Attribution is often required even on MIT or BSD licenses where code is being redistributed, either in original or modified versions, but that would relate to this discussion only to the extent that one regards using LLMs whose training data included a certain bit of code as itself constituting redistribution of that specific code -- but that in turn is a very debatable premise which really ought to be argued for, and not merely argued upon as though it is already generally recognized as true.

hilariously 17 minutes ago | parent [-]

Why? You stole my stuff and now are pretending I need to argue for you to stop stealing it. It's a joke.

malwrar 5 hours ago | parent | prev | next [-]

Really hate to say it, but I’ve stopped publishing my work too for this reason. I spend most of my time now building my own little software ark, and I aspire to no longer think of programming in the next few years. I feel like the creative economy in general will be unrecognizable in the near future, maybe nonexistent. I wonder what modes of collaboration on ideas might form in the next few years.

irdc 4 hours ago | parent | next [-]

Here is what the purveyors of AI don't seem to realise. You can bend copyright law all you want in order to train your models on whatever you can grab, but in the absence of genuine protection of their creative work authors are simply not going to be publishing at all.

buran77 2 hours ago | parent | next [-]

I think they see it all too well. They still think they can make bank today while it lasts, whatever comes after is some other shareholder's problem. And if we're talking about open source, killing it might be a positive side effect, they'll be ready to sell you a closed source alternative when you no longer have options.

irdc 4 minutes ago | parent | next [-]

I don't think we're going back to closed source. I think we're going back to guilds. Aka. closed knowledge.

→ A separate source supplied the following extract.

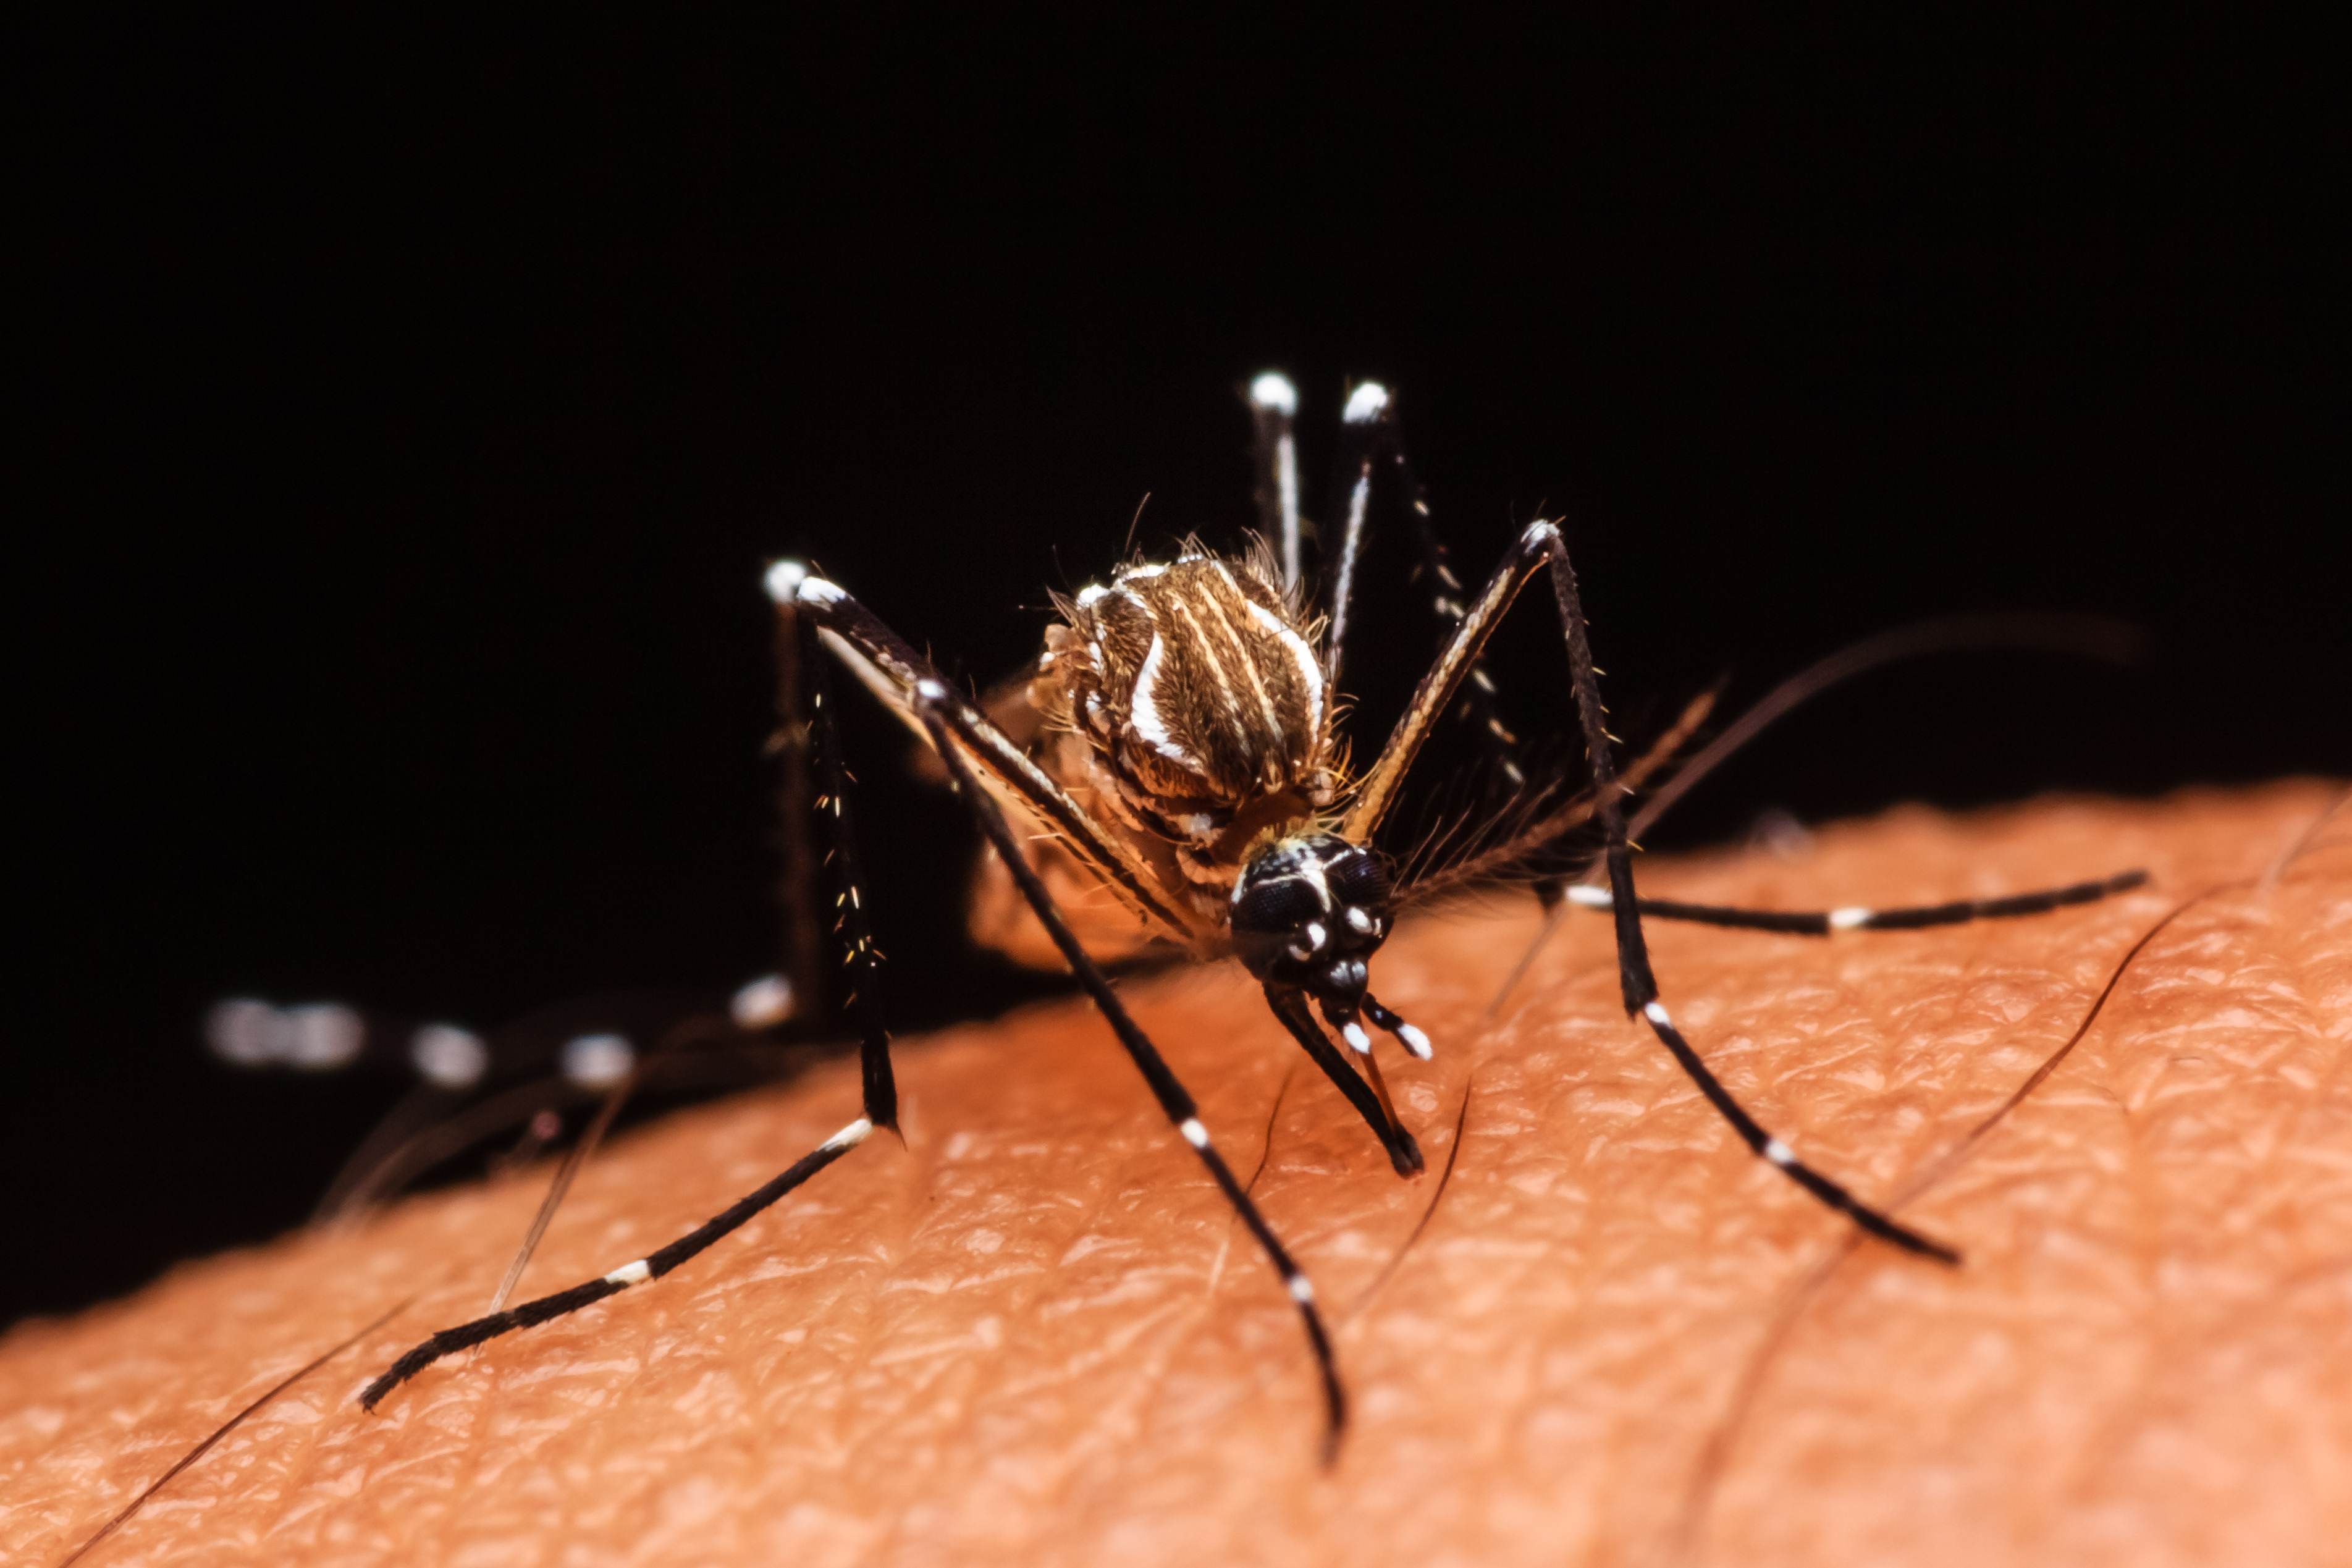     L’épidémie de dengue continue de sévir en Martinique et en Guadeloupe

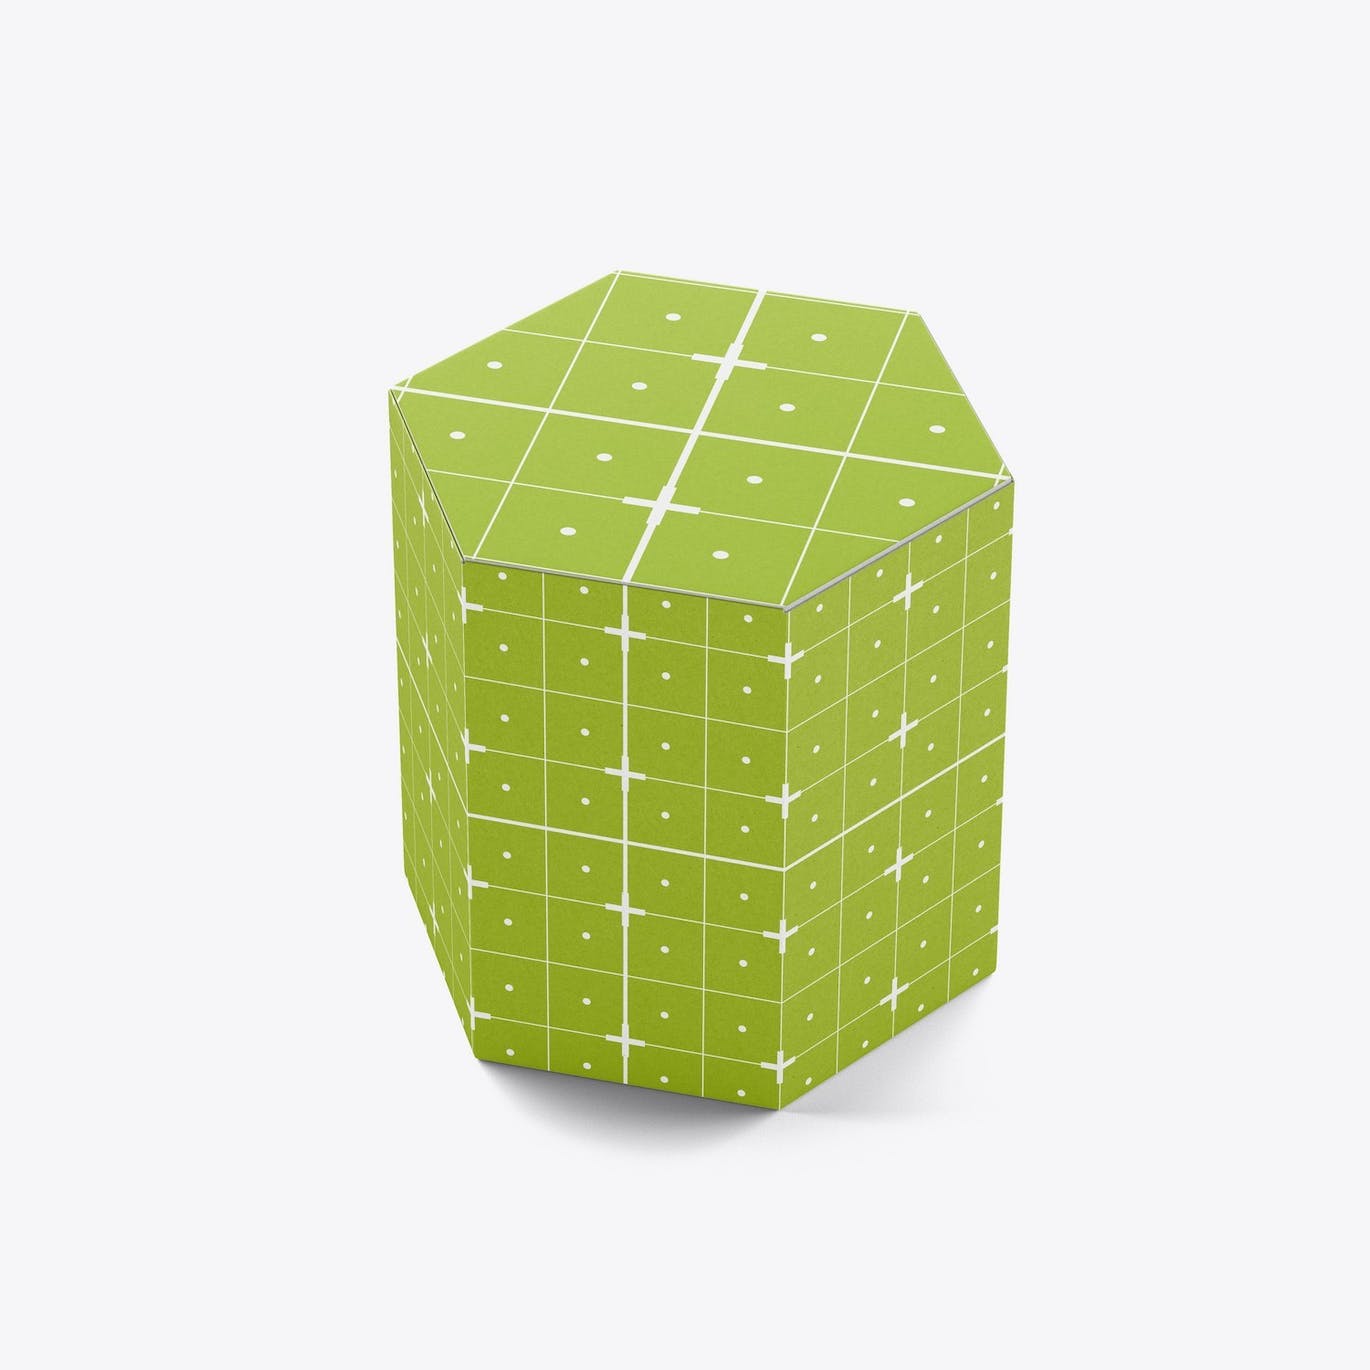 六边形长方体纸盒包装设计样机 Hexagonal Box Mockup 样机素材 第13张

lesostep an hour ago | parent | prev [-]

Furthermore, if people not only stop publishing, but also take down already published works, it will create a moat around already existing Language Models

And the more they DDOS small websites — instead of respectfully scraping once — the more realistic my conspiracy theory looks.

egypturnash 2 hours ago | parent | prev | next [-]

People who are making stuff because they want to share it are still going to be publishing. And fighting to be noticed in an unending torrent of slop.

irdc 2 hours ago | parent [-]

Without any material or immaterial benefits? And with one's work being ground up and turned into weights for the next version of the machine that's threatening one's employment?

dzhiurgis 3 hours ago | parent | prev [-]

Great. More work for AI then.

kator 2 hours ago | parent | prev [-]

The sad thing is I feel trapped on all sides of the debate, I wrote a book about LLMs and human creativity (spoiler Humans win for a long time) but I was going to do it as a blog series, instead I published https://www.amazon.com/dp/B0GXCSY4W8 because I felt at least I might get a bit back for literally 100’s of hours of my life I poured into the book and my editor and friends who read and provided reviews.

And I push a lot of open source code including a ton for the SWGEmu project, but now I’m of mixed mind to stop pushing anything public. I can’t decide, am I talking out of both sides of my mouth, it’s a confusing time to navigate for sure.

jagged-chisel 5 hours ago | parent | prev [-]

> The sender pays, not the receiver.

You have a hole here. Your web server is sending the response and the bot is receiving.

Fix that and … profit? :-)

kator 2 hours ago | parent | next [-]

oh good point got that backwards… OMG my fax brain didn’t even think about it.

wizzwizz4 3 hours ago | parent | prev [-]

I'm trying to compose a better wording, but my attempts aren't working. The best I've got is:

> The initiator of the communication pays, not the server operator.